United Way of Long Island, a nonprofit based in Deer Park, and Make it Count Foundation, a nonprofit based in West Islip, worked together to donate funds so that children and their families were able to search through Target in Commack and choose any gifts they wanted for Christmas this year. They were also given holiday treats as they shopped. Kids ran through the aisles of Target Dec. 14, browsing the Barbie dolls, Nerf guns, and other toys they could take home to make the holiday special.

“Helping children in need is priceless,” Jon Reese, president of the Make It Count Foundation said in an email. “I feel it is not only our responsibility, it is an honor. Especially this time of year, when we celebrate life and hope.”

Reese said Make It Count has worked with United Way of Long Island in the past on home renovations, health and community programs, and backpacks filled with school supplies.

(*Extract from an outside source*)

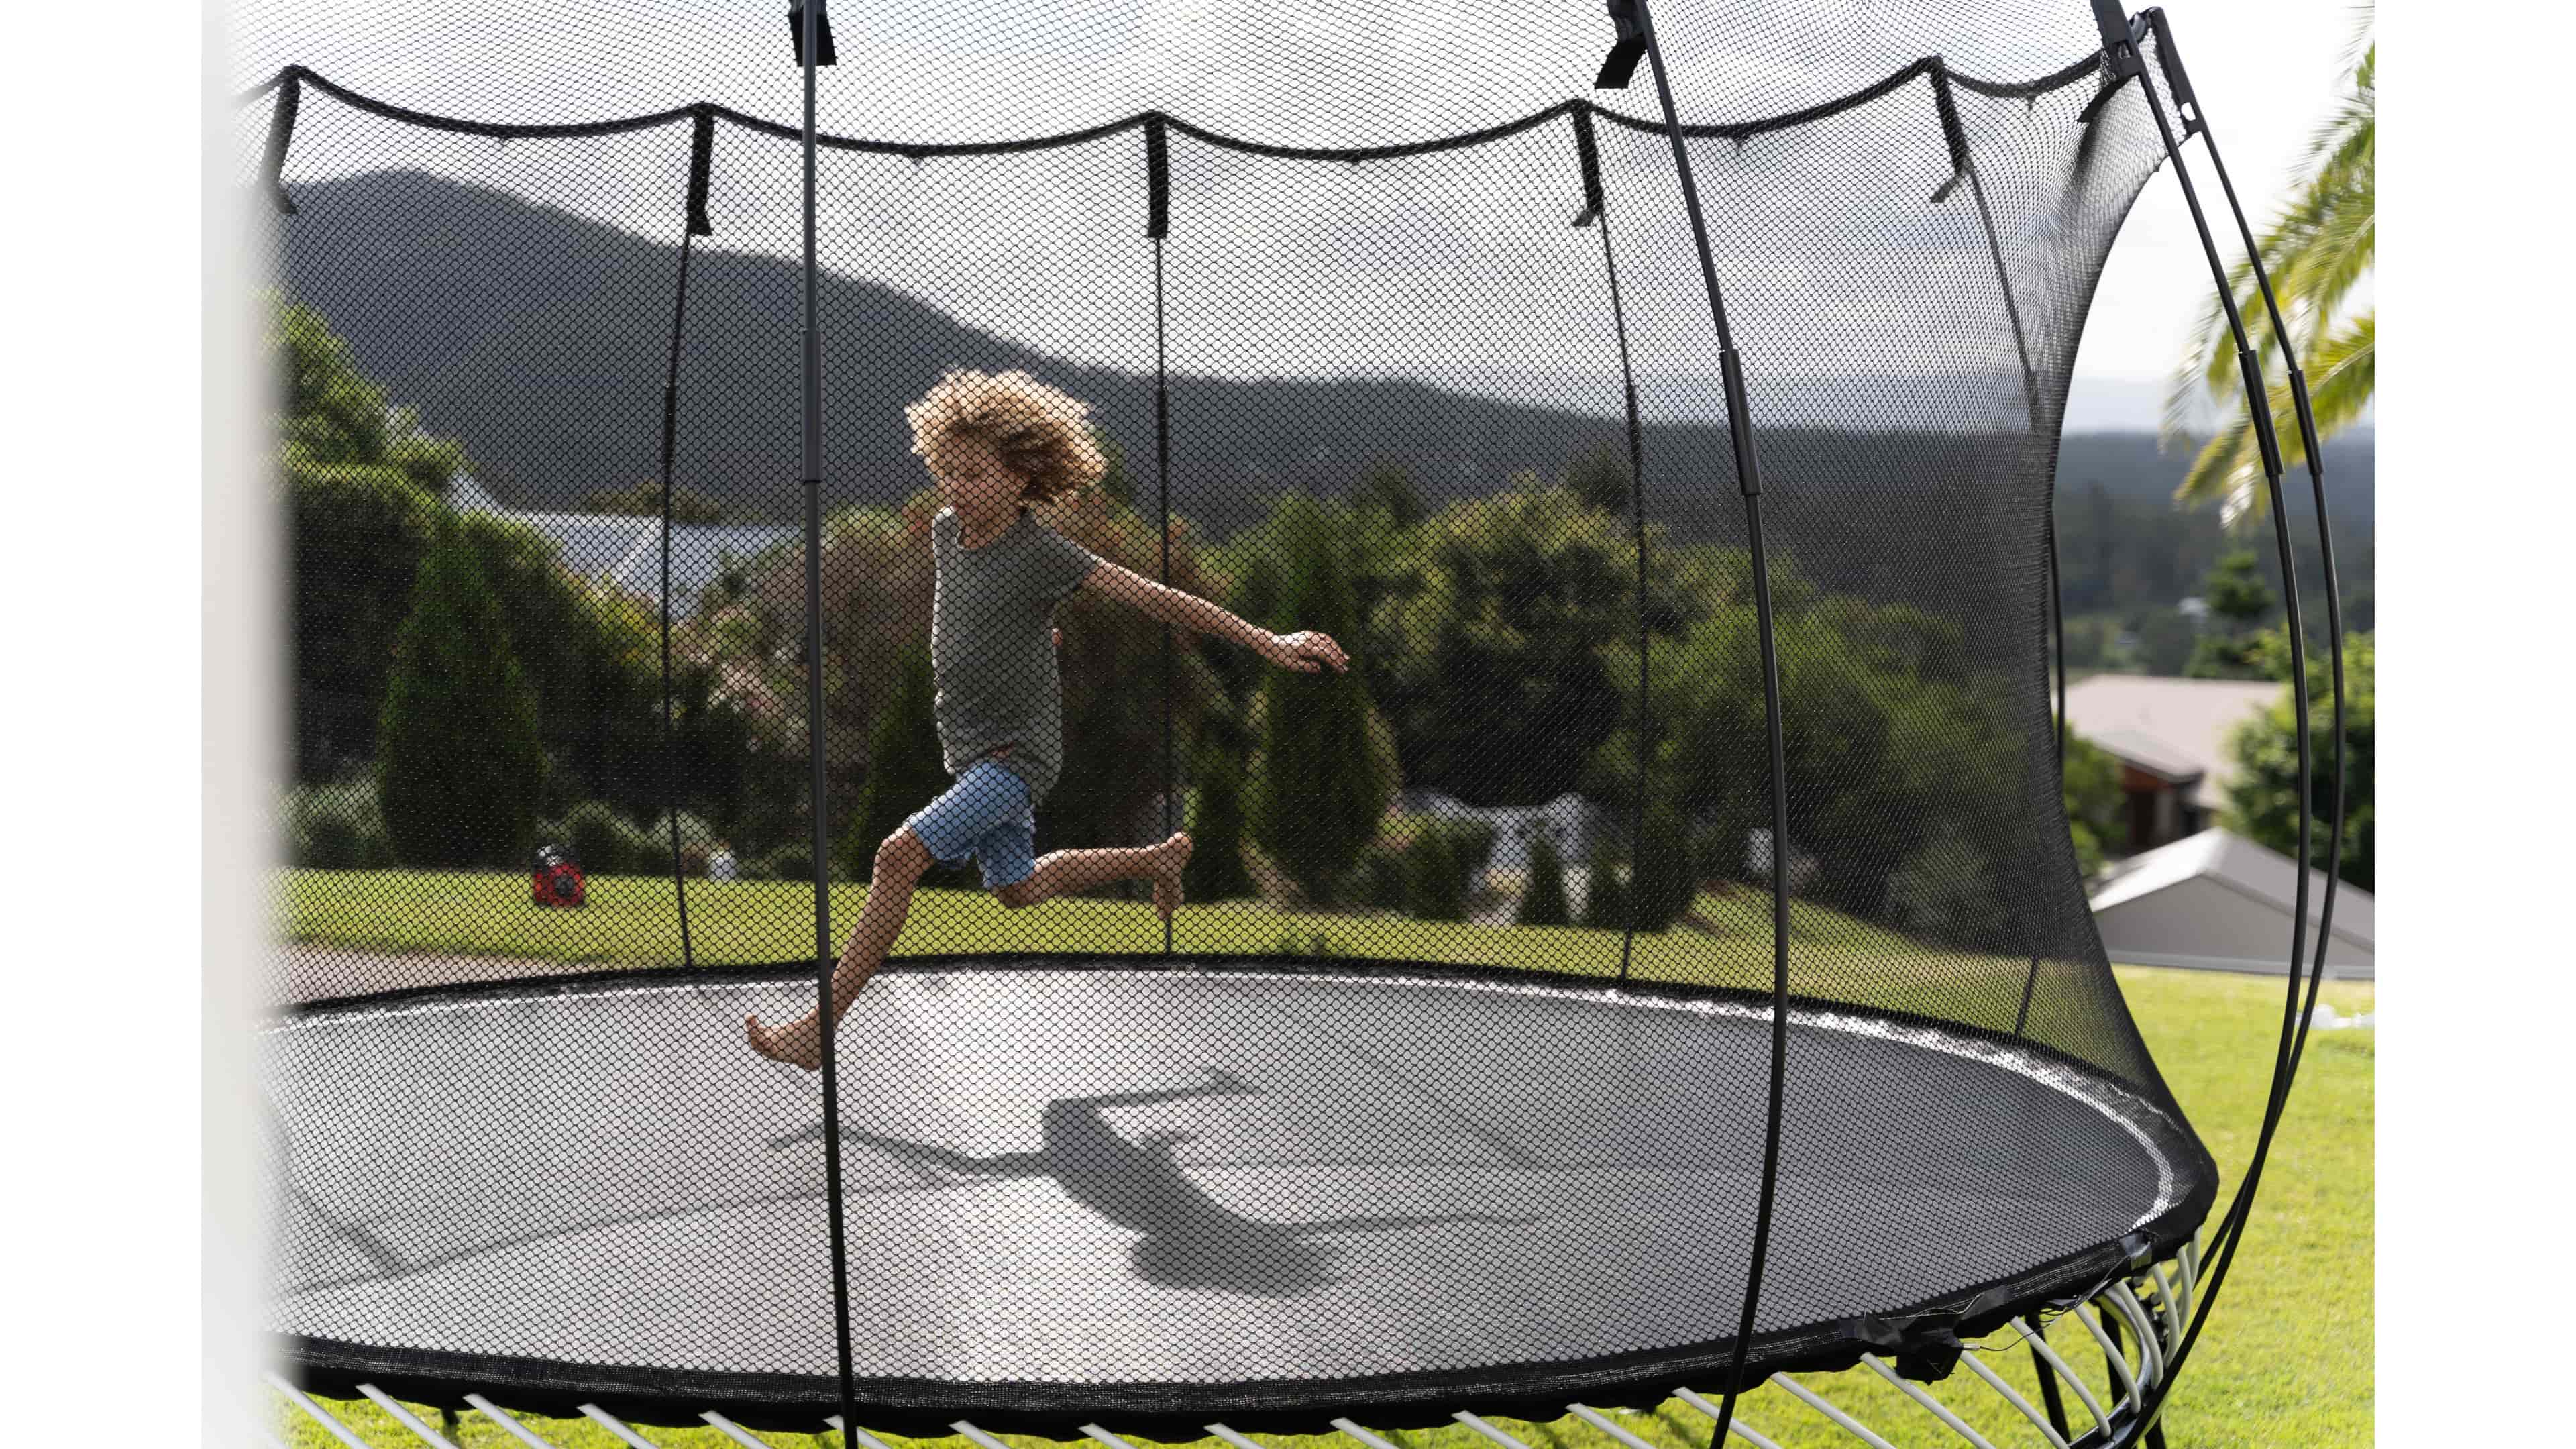 We Ranked the Best $1000 Trampolines to Buy This Year

A young boy picks out Christmas gifts at Target in Commack Dec. 14. Photo from Mallory Kerley

“We feel that when the Make It Count Foundation and the United Way of Long Island partner, we are able to leverage each other’s resources and make a greater impact,” he said.

According to Theresa Regnante, president and CEO of United Way of Long Island, this is the second year the two nonprofits have joined together to organize the event.

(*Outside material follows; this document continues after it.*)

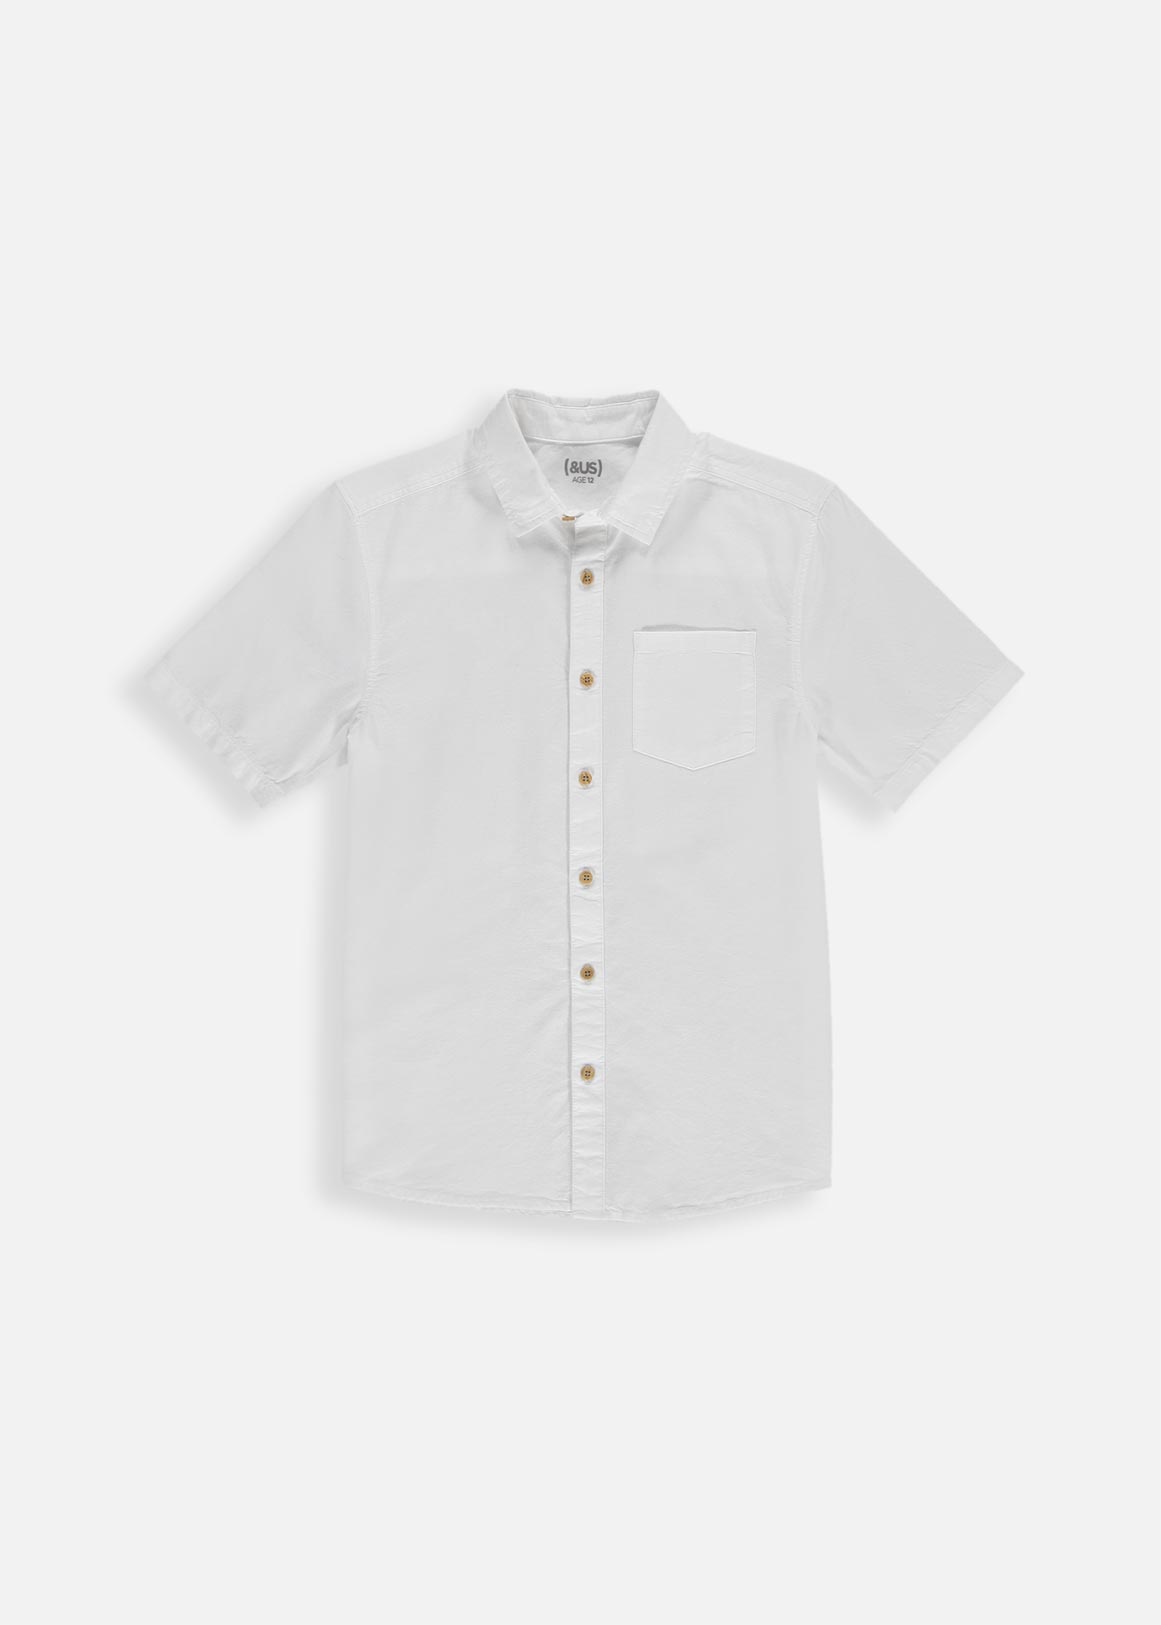 SS PLAIN TEXTURED SH - Woolworths Mauritius Online

“We wanted these kids to be able to celebrate the holidays, and have the joy of opening gifts that they wanted,” she said in an email. “Jon Reese has been a fantastic partner in other areas of our mission, and coming together to help kids during the holiday season was a perfect fit. We have the connections to the partner agencies who work with families across Long Island, and they had the funds to donate to help them afford the gifts. It was an easy to decision to make to put this event together.”

Families had to be nominated to partake in the event, and Regnante said other local nonprofits helped in the selection process.

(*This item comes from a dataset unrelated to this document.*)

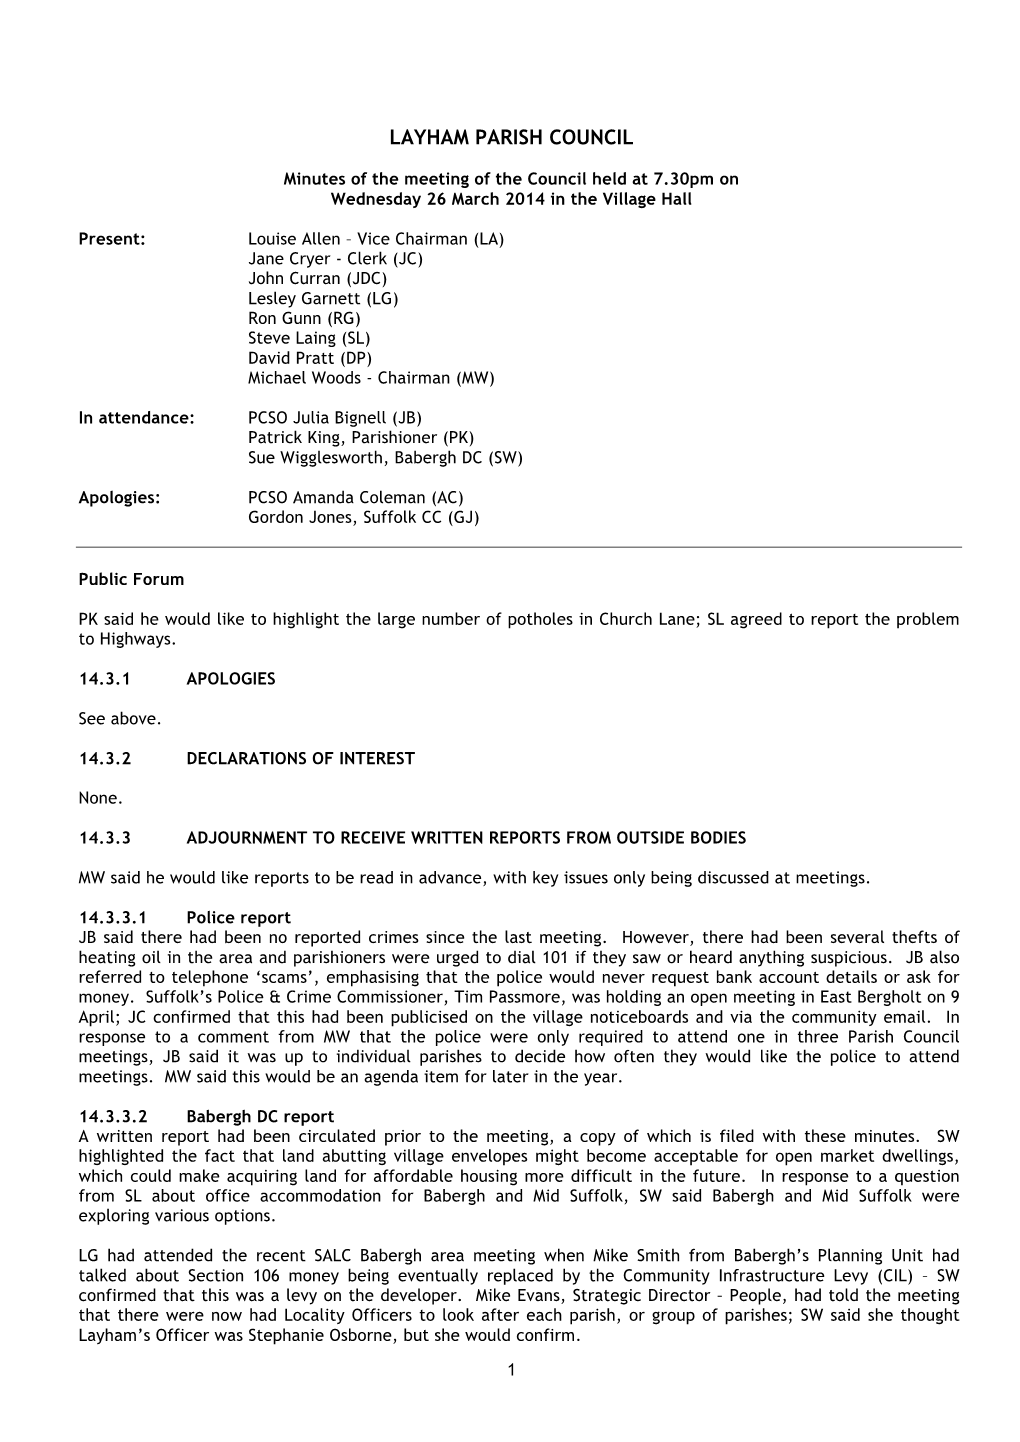 Minutes of Layham Parish Council Meeting on 26 March 2014

“We connected with Long Island Head Start, United Veterans Beacon House, and Family Service League, who are all partner agencies of ours, and asked them to nominate families who could use some extra holiday cheer to take part in the shopping spree, as well as families who are part of our VetsBuild and YouthBuild programs,” she said. “Target generously let us utilize their break room space and provided treats to the children before giving them a tour of the toy department. It was a fabulous effort all around.”

Regnante shared what makes the event special to her.

A young girl picks out Christmas gifts at Target in Commack Dec. 14. Photo from Mallory Kerley

“The best part of an event like this is seeing the smiles on the children’s faces as they pick up that toy they’ve been asking for for months, and knowing that they can take it home that night,” she said. “You have to remember, most of these children have only the basic necessities and rarely do they have the opportunity to get things that bring them true joy. Their families are working hard to give them the best life possible, and this event allows those parents and guardians to brighten the holiday season just a bit more. The holiday season is supposed to be filled with happiness, but it isn’t that way for those who are struggling.”

She said she watched a mother and her son go through the check-out line, and as they were walking out the door, he yelled out, “I feel like Christmas is here early!” as if he couldn’t believe he was actually allowed to leave the store with his new toys.

“Watching this little boy literally skip out the door warmed my heart,” she said.